Liberators found camps by smell
Liberators found camps by smell
November 4, 2020
By Gerald Hay
World War II veterans John Roberts and William “Bill” Casassa remember the concentration camps being liberated in Germany 75 years ago.
Roberts recalls emaciated prisoners behind barbed wire fences at the Dachau Concentration Camp near Munich.
Casassa recollects finding an unusually high fence which he later found out was enclosing the Ahlem Concentration Camp near Hannover. At the time, he had no idea what was behind the fence.

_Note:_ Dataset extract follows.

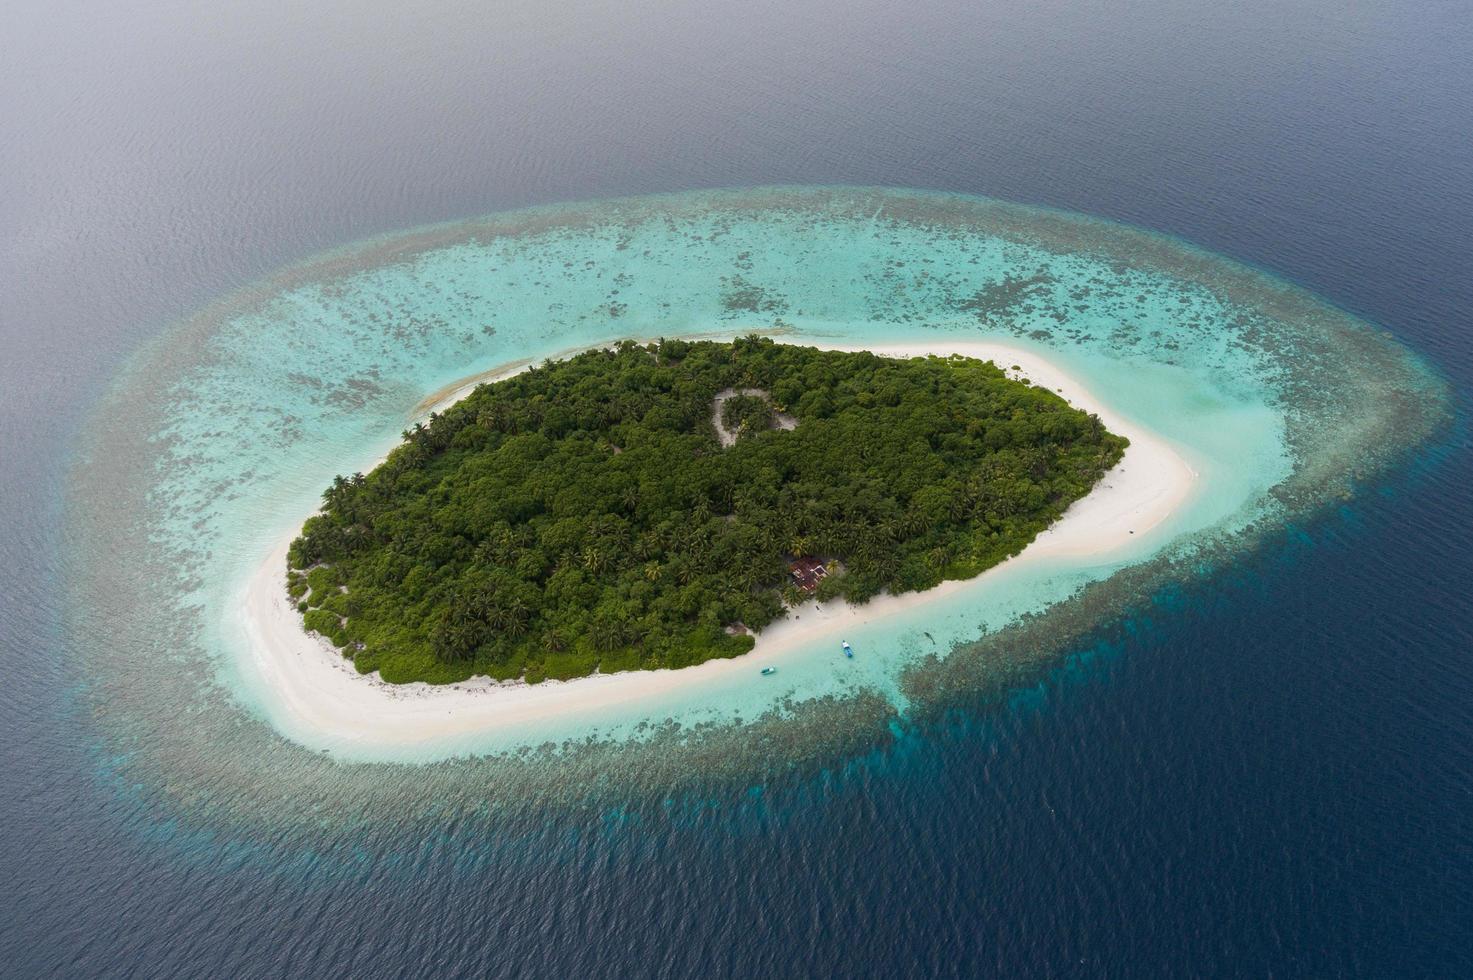 Insel Havodigalaa, Malediven, 2020 - Luftaufnahme der Insel Havodigalaa foto

What G.I.s like Casassa and Roberts saw in April 1945 of the concentration camps was preempted by another sense: a strong smell of abundant death.
“The stench was overpowering,” said Roberts, a 95-year-old Army veteran living at Brookdale Overland Park. “The odor was worse than any (meat) packing house I had ever smelled.”
Also, a 95-year-old Army veteran, Casassa agreed. He and Maggie, his wife of 65 years, reside at the Village Cooperative of Shawnee.
“Í will never forget that smell,” he said, “I did not notice it at first until the wind shifted. I did not see the inside of what was behind the fence. I smelled it.”
Both veterans began their military service during WWII in mid-1943.
Roberts was drafted. After arriving in England in mid1944, he volunteered to serve in the 101st Airborne Division. The Screaming Eagles unit needed lots of replacements due to heavy losses in the D-Day landings on June 6 at Normandy.
At first, he wasn’t accepted because of his height at 5-foot-5½, but he challenged to fight an Army sergeant to prove his grit.
‘Short, but tough’
“I told them I was short, but I was tough,” he said with a smile. The Army agreed without a fight. An Army officer laughed, telling him: “Shorty, if you want it that bad, you’re in.”
His parachute training involved three practice jumps on one day and instructions on how to pack his own parachute. His first real jump was when the 101st Airborne participated in Operation Market Garden in September 1944 in Holland.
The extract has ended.